The Israeli national policy of self-debasement was accepted with equanimity by
much of the Israeli public, which hoped against hope that its leaders` promises
of a light at the end of the Oslo tunnel would come to pass. There was no
light, other than from the flashes of exploding buses full of children.

The 1990`s were the era in which it became evident that a great many
Israelis and most of the Israeli elite had lost their will to survive as a
nation. After centuries in which Jews maintained the most militant sorts of
pride and self-assurance even while being mistreated, despised and humiliated,
here were the Israelis, possessing one of the great armies of the world,
abandoning all pride and explicitly promoting self-humiliation and
self-destruction.
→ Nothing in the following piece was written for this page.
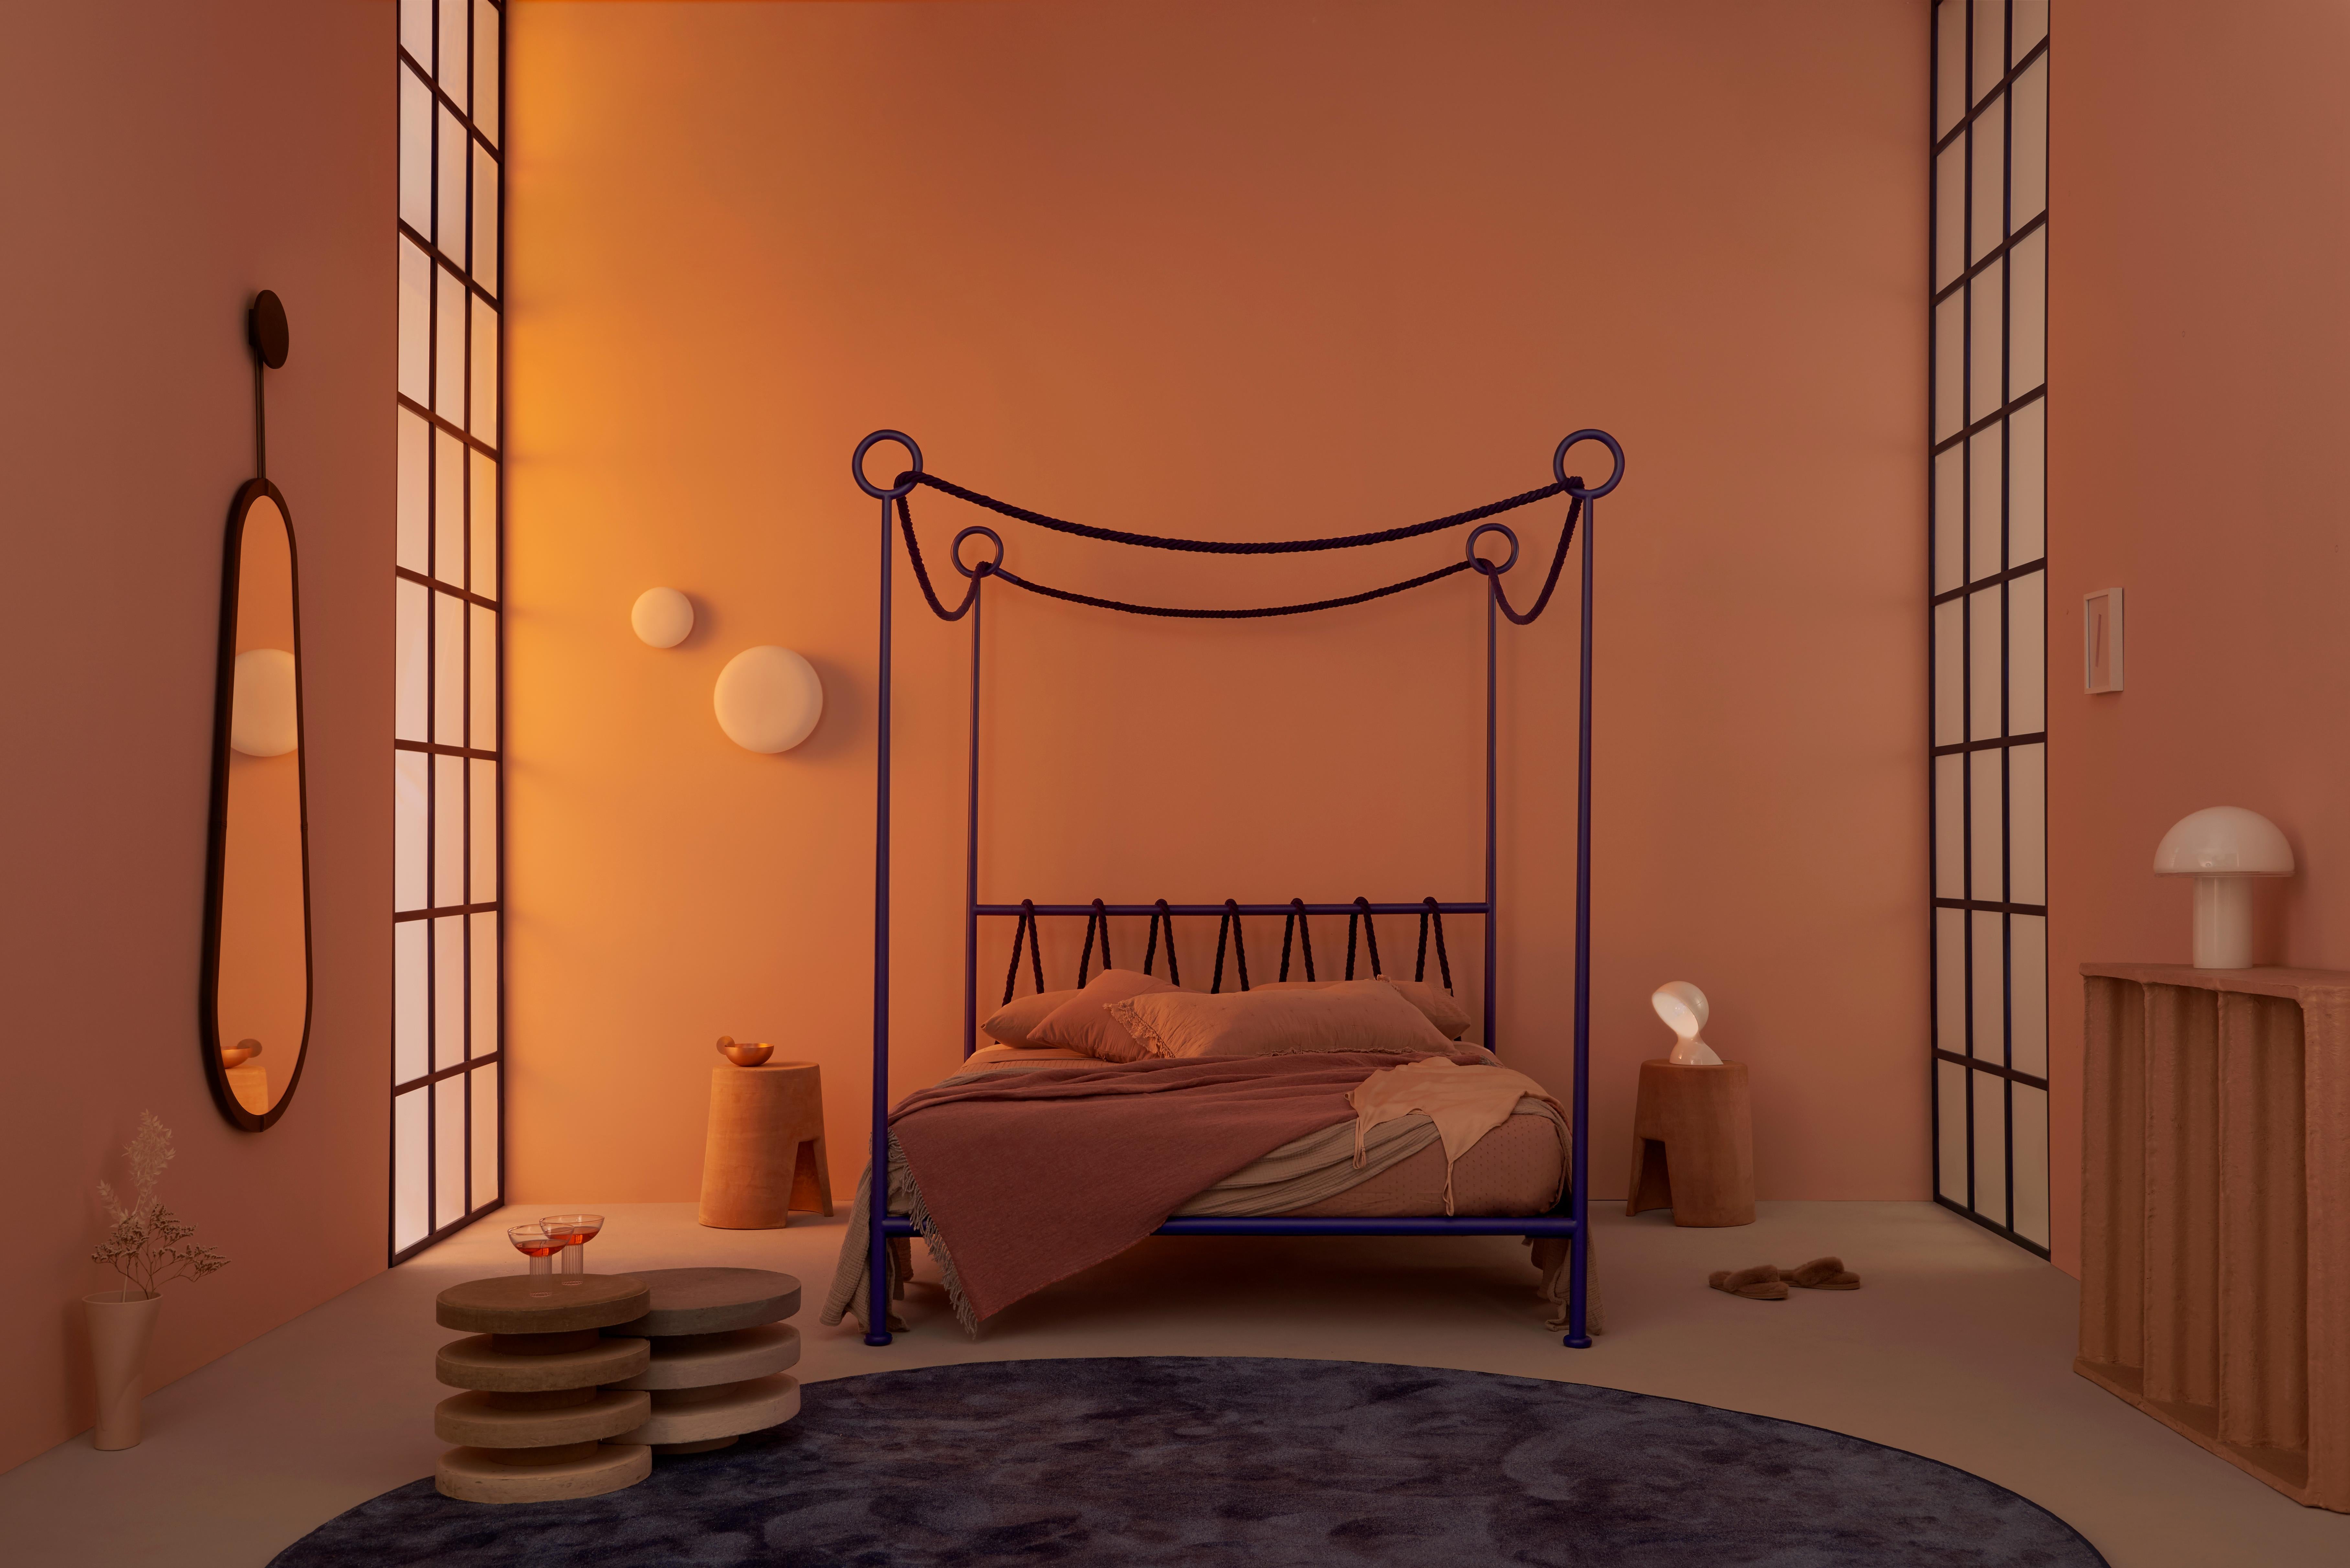 Cima Canopy Bed by Sovrappensiero Design Studio In New Condition For Sale In Città Della Pieve, PG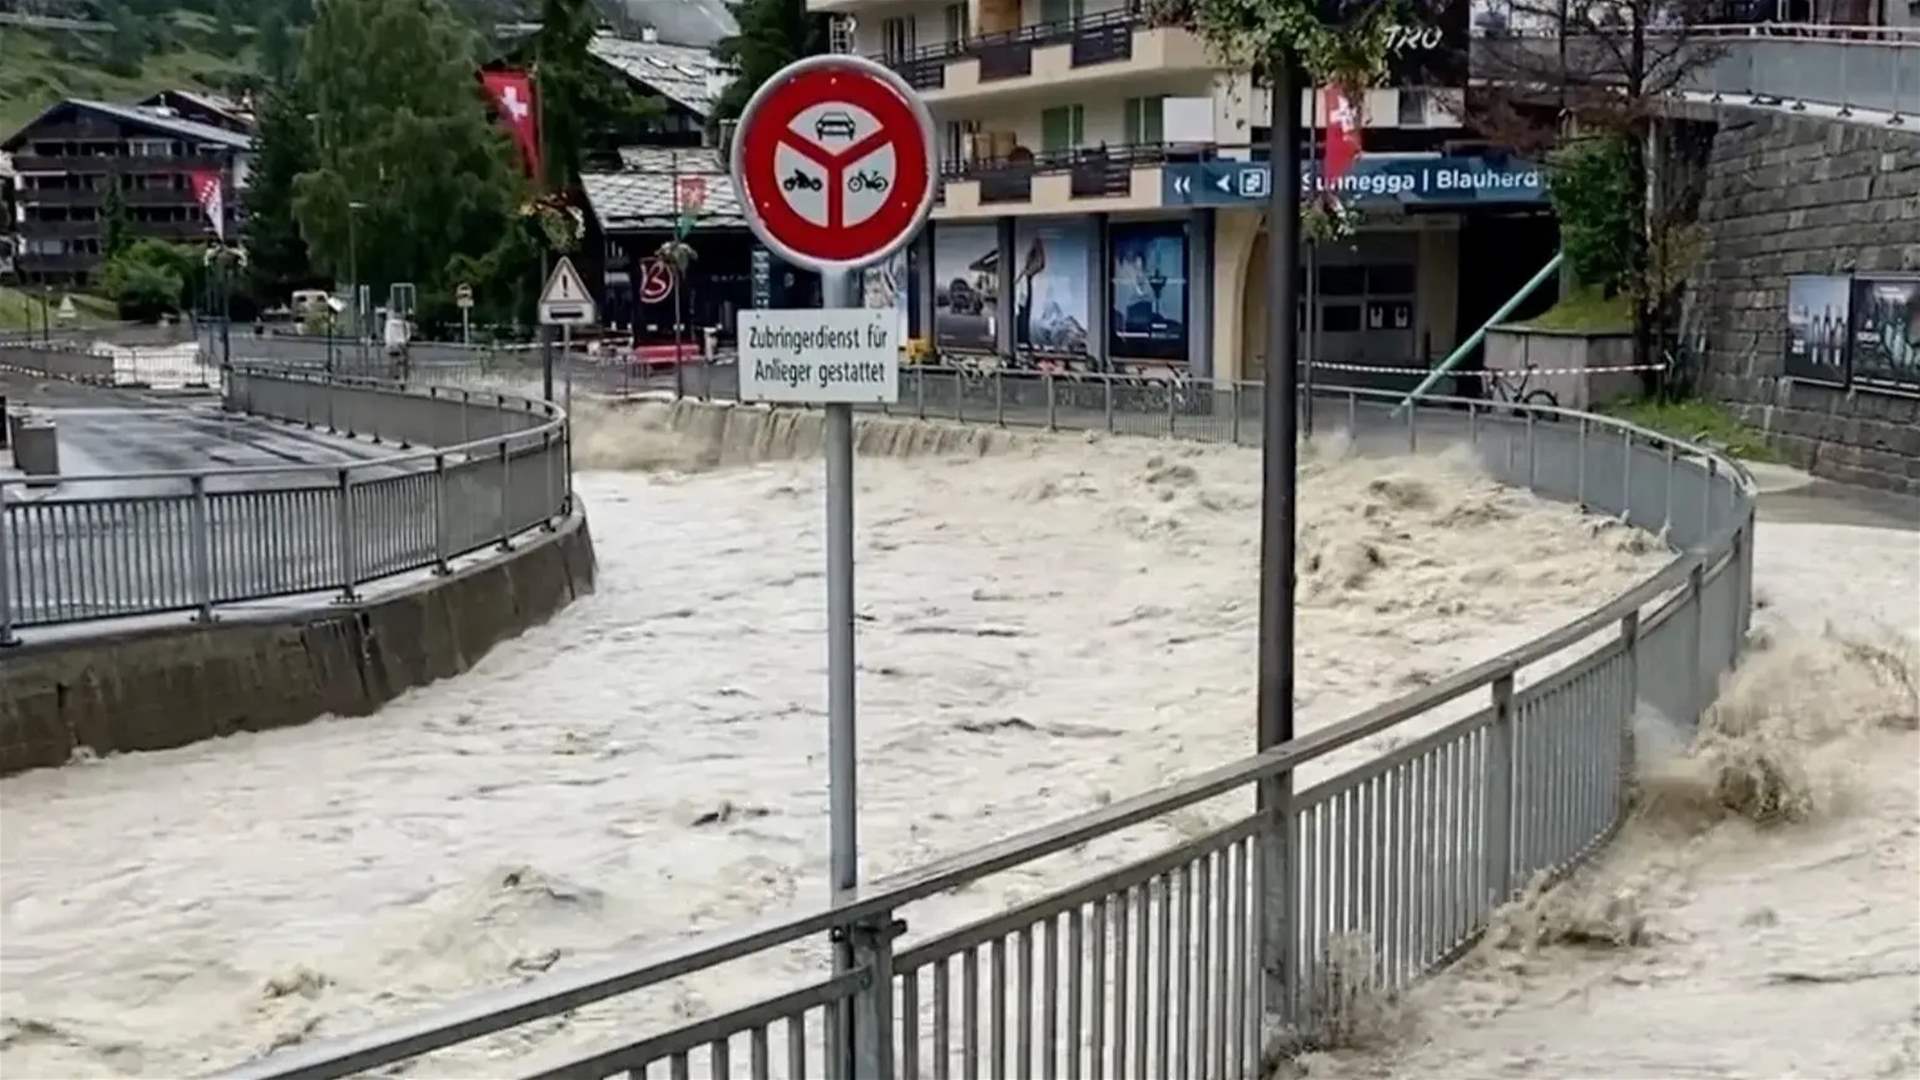 العثور على جثة بعد فيضانات سويسرا وشخصان في عداد المفقودين

The same Israeli military that had rescued the Jewish
hostages in Entebbe was suddenly incapable of rescuing a wounded IDF soldier
bleeding to death in Joseph`s Tomb in Nablus or protecting children under fire
in Sderot.

Here was an Israel unwilling to use force to prevent Palestinians from
firing rifles and mortars into civilian homes, instead begging the Palestinian
Authority to hold talks with those doing the shooting in order to "work out
differences and reach understandings."

An Israel no more than two generations removed from the Holocaust was
willing to hold "peace talks" with people who denied there ever was a Holocaust
and who insist that Jews use the blood of gentile children to make Passover
matzos. The same Jewish people that had fought against enormous odds and won
in 1948 was acquiescing in a "peace process" that involved unilateral peace
gestures from Israel in exchange for the Arabs continuing to make war against
the Jews.

Israel's leaders were given a very clear choice in the early 1990s. They
could have followed the lead of the Jewish beggar, hold back their appetites
for just a bit longer and defer their gratification just a bit, suppressing the
residual of Palestinian violence and denazifying the West Bank and Gaza. And
then they would have enjoyed a sumptuous Passover feast like none before it.
But they chose to behave like the foolish gentile beggar in the story who had
no idea of what was going on, who let his hunger get the best of him, and who
stormed out of the feast in irritation, just before the delights of the feast
were to begin in earnest. Because of Israeli frustration at Palestinian
guttersnipes tossing rocks at Israeli troops, Israel swapped them for suicide
bombers exterminating hundreds of Jewish children and other civilians in
Jerusalem and Haifa.

Is the foolish beggar still with us? That impatient one who does not
understand the rules of the seder? The one who is unwilling to control his
hunger pangs for just a little longer? Can we bring back the Jewish beggar who
correctly understands the rituals of the seder and understands Jewish heritage,
who knows how to wait patiently and achieve the delightful bloated belly of
satisfaction and prosperity?

I search, but do not find him anywhere. I do not know where he has gone.